> [Problem statement] Please, from the entries below, transcribe exactly the lines that begin at the line with "outfit comodo e" and end at the line with "YAMAHA/ YSS-82ZR/ ヤマハ", without the pictures.

> [Dataset content]
============

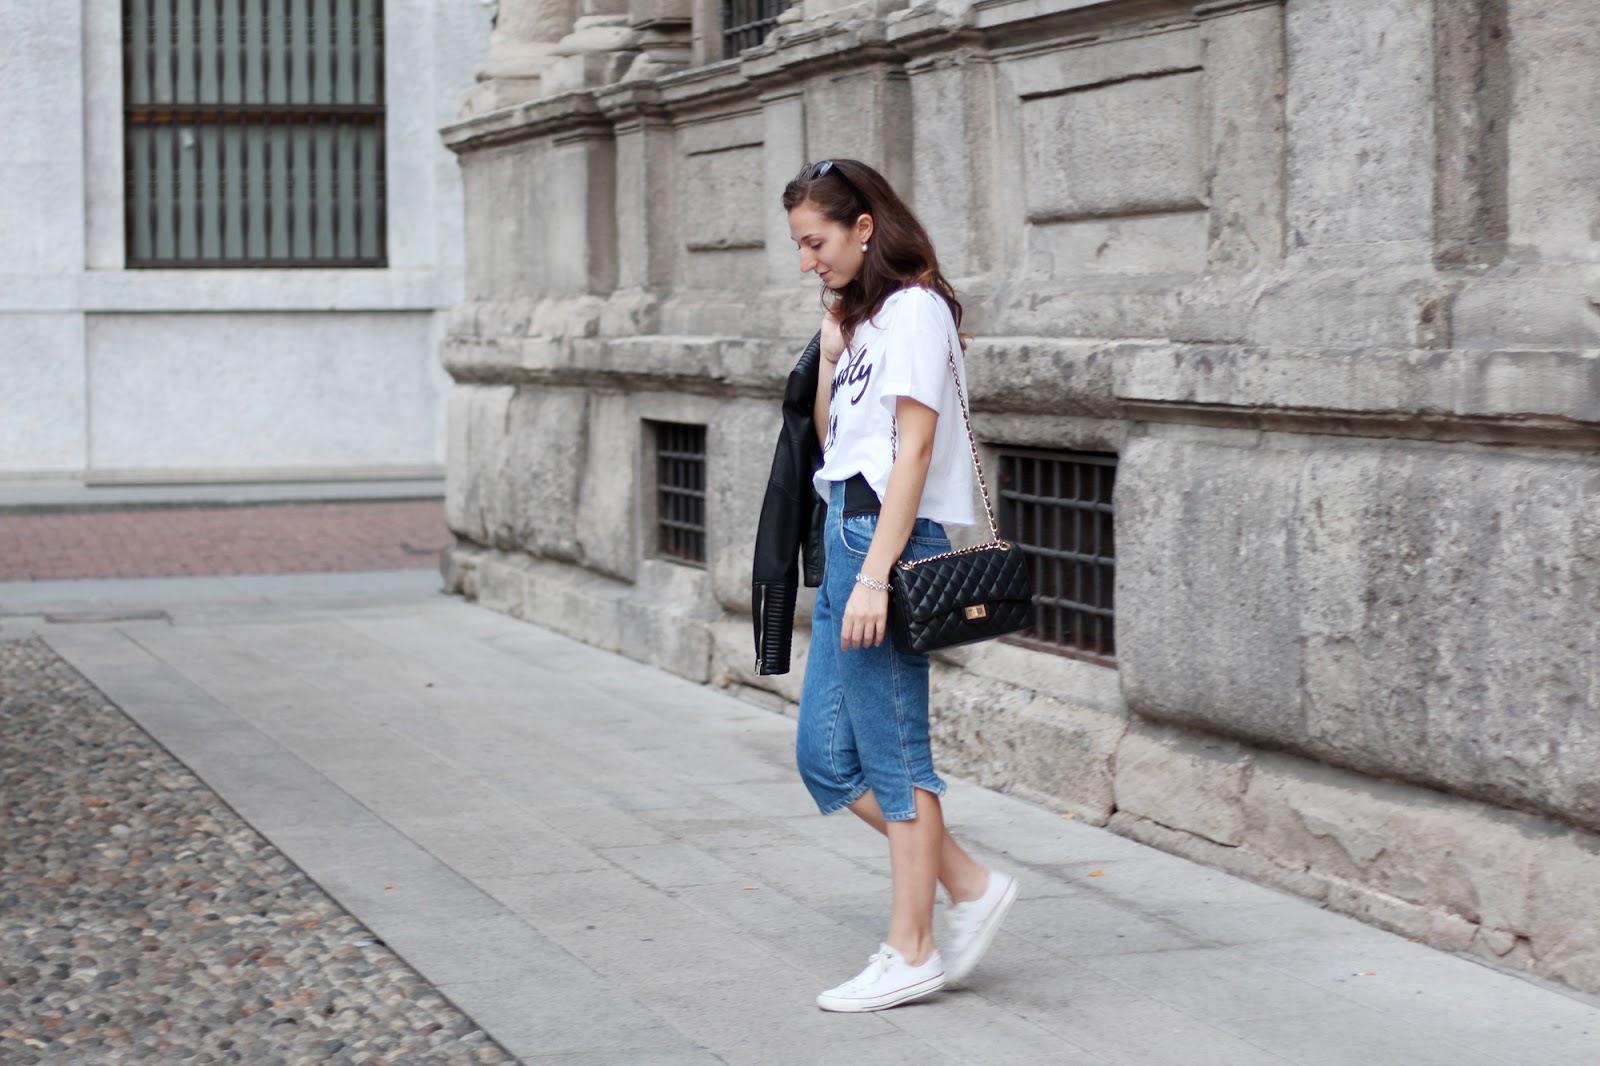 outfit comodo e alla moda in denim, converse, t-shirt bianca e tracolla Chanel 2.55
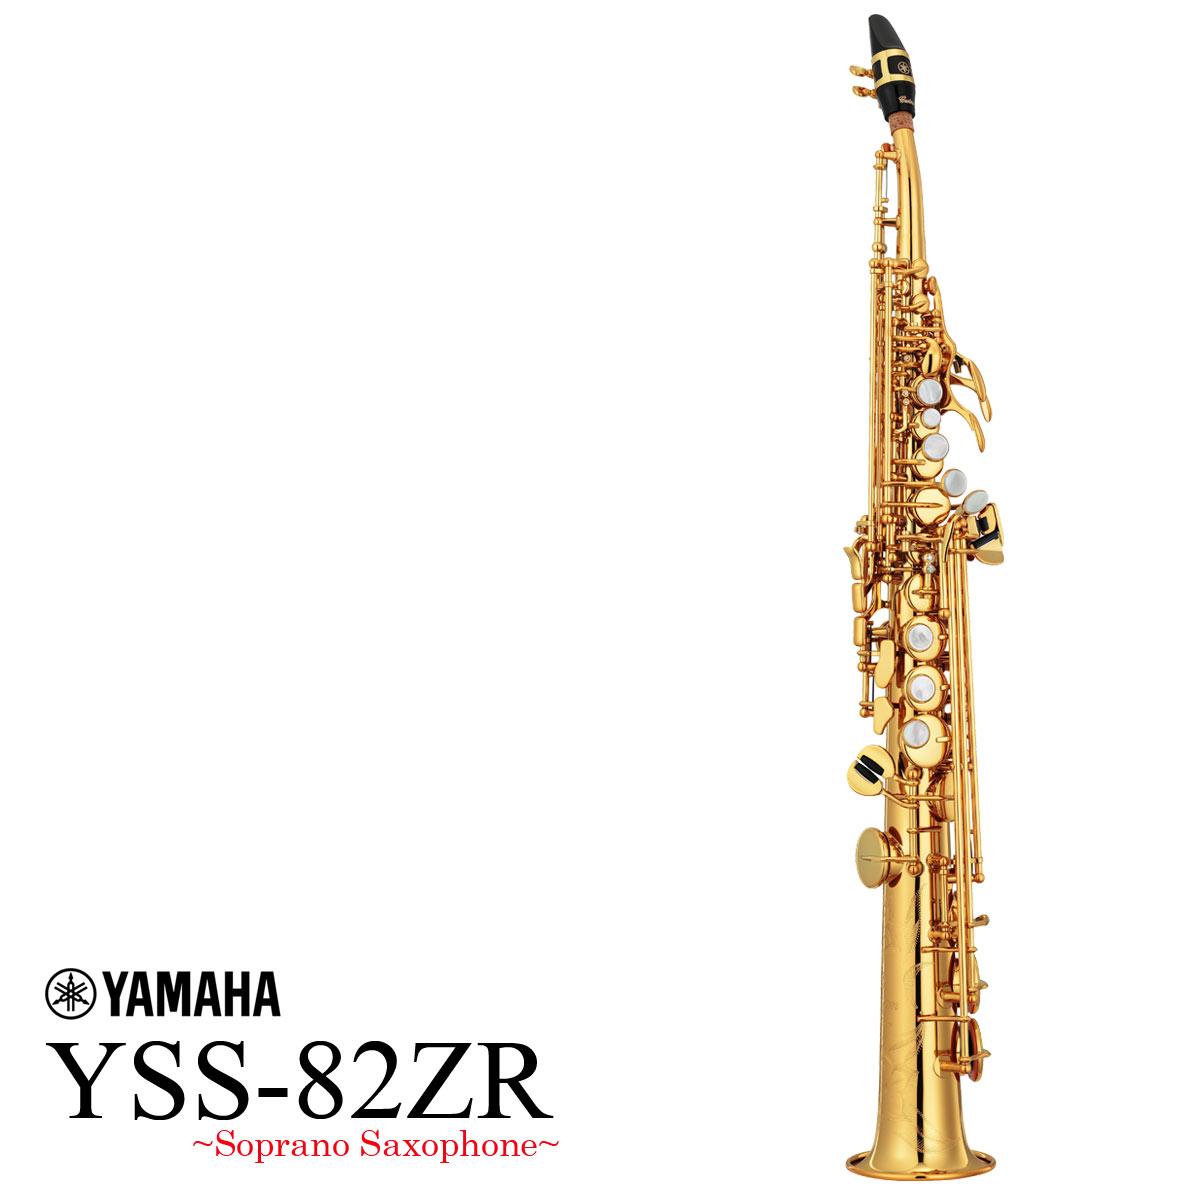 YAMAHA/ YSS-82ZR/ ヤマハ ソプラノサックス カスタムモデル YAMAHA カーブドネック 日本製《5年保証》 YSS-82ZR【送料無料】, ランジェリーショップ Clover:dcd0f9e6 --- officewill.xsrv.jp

============

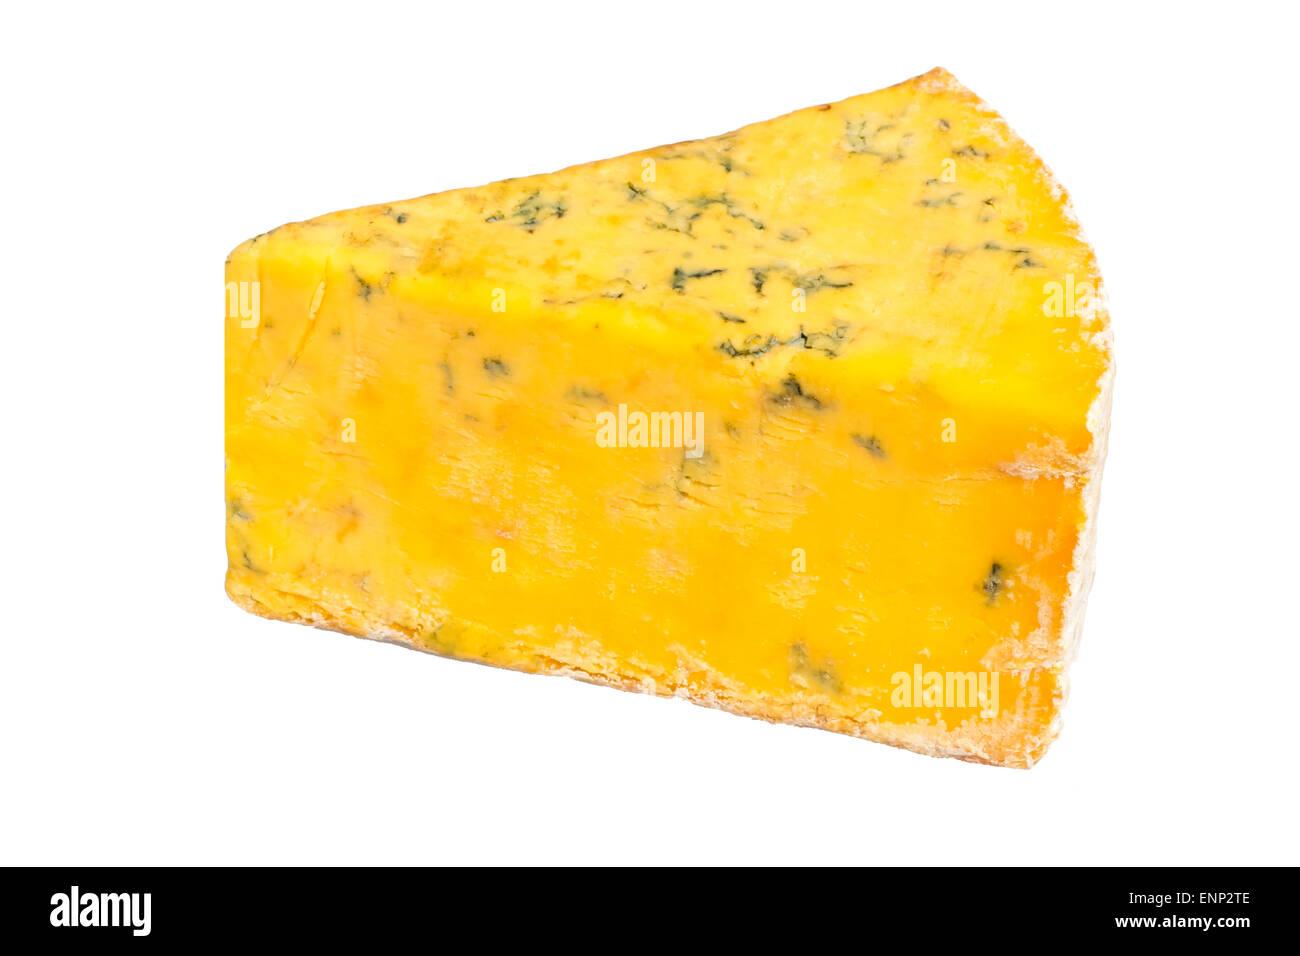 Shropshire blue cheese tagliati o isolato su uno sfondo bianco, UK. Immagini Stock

============

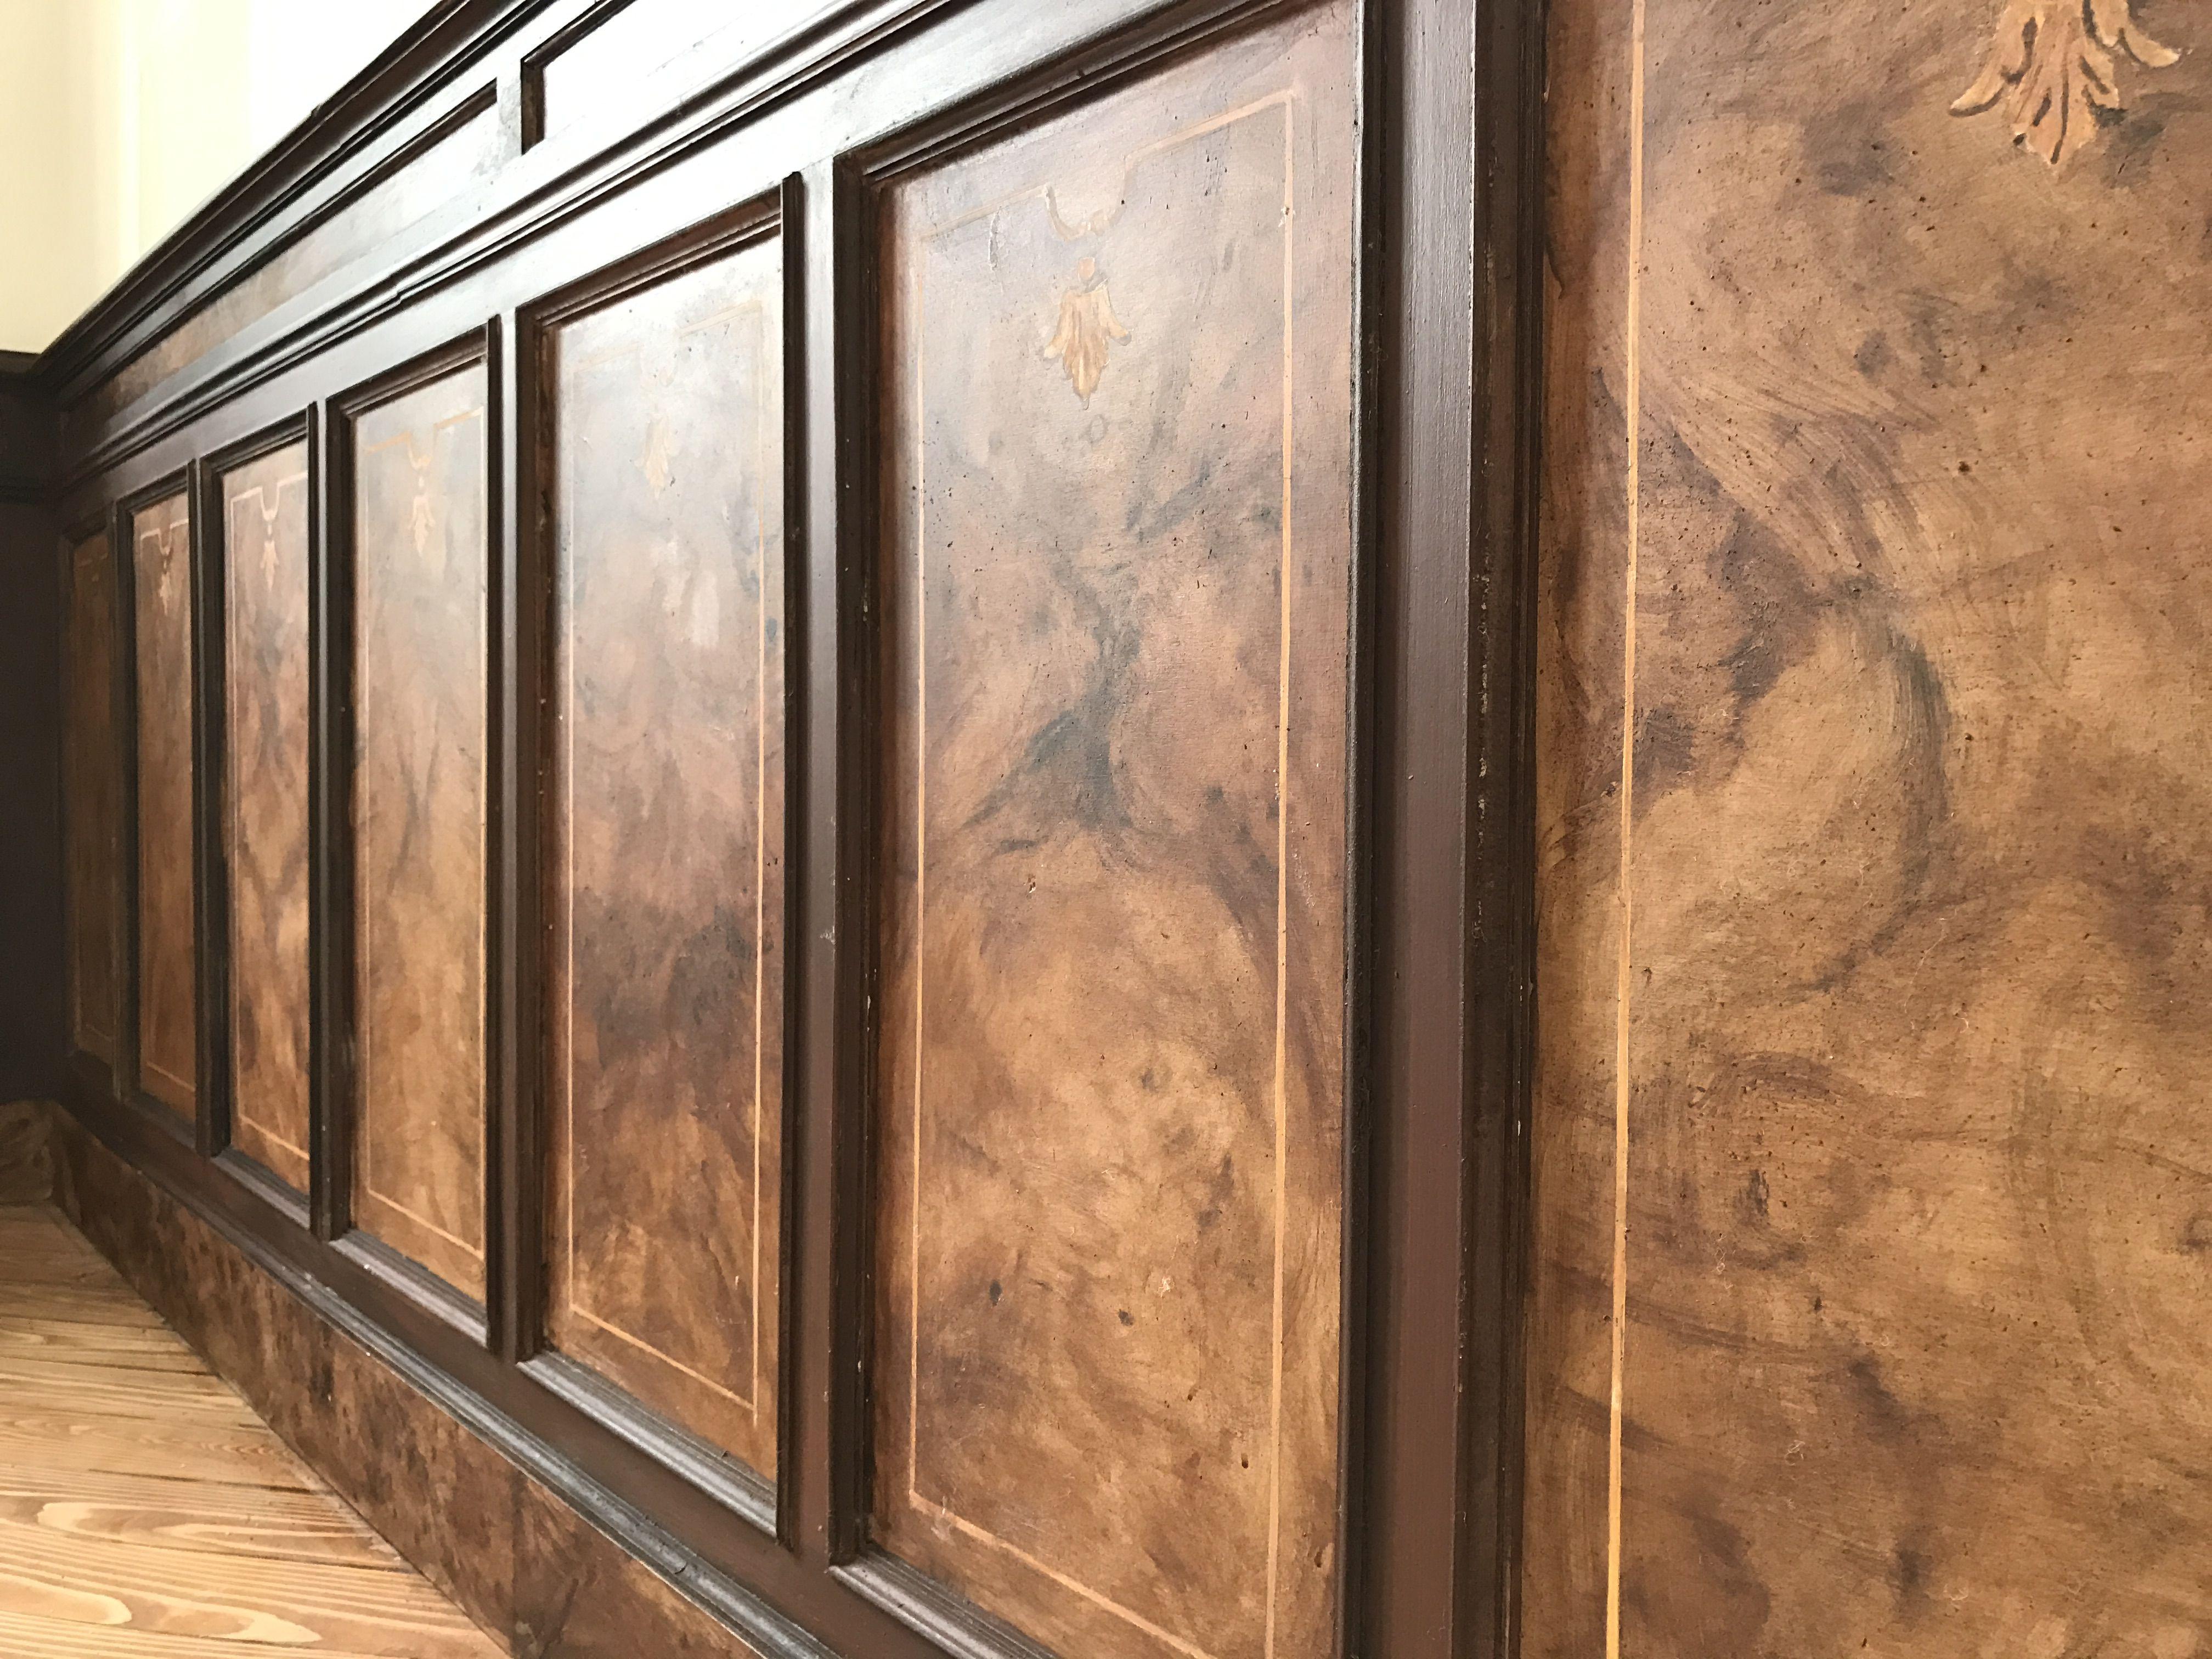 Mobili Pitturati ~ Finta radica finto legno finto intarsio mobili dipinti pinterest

============

> [Response to the exercise]
 outfit comodo e alla moda in denim, converse, t-shirt bianca e tracolla Chanel 2.55
 YAMAHA/ YSS-82ZR/ ヤマハ ソプラノサックス カスタムモデル YAMAHA カーブドネック 日本製《5年保証》 YSS-82ZR【送料無料】, ランジェリーショップ Clover:dcd0f9e6 --- officewill.xsrv.jp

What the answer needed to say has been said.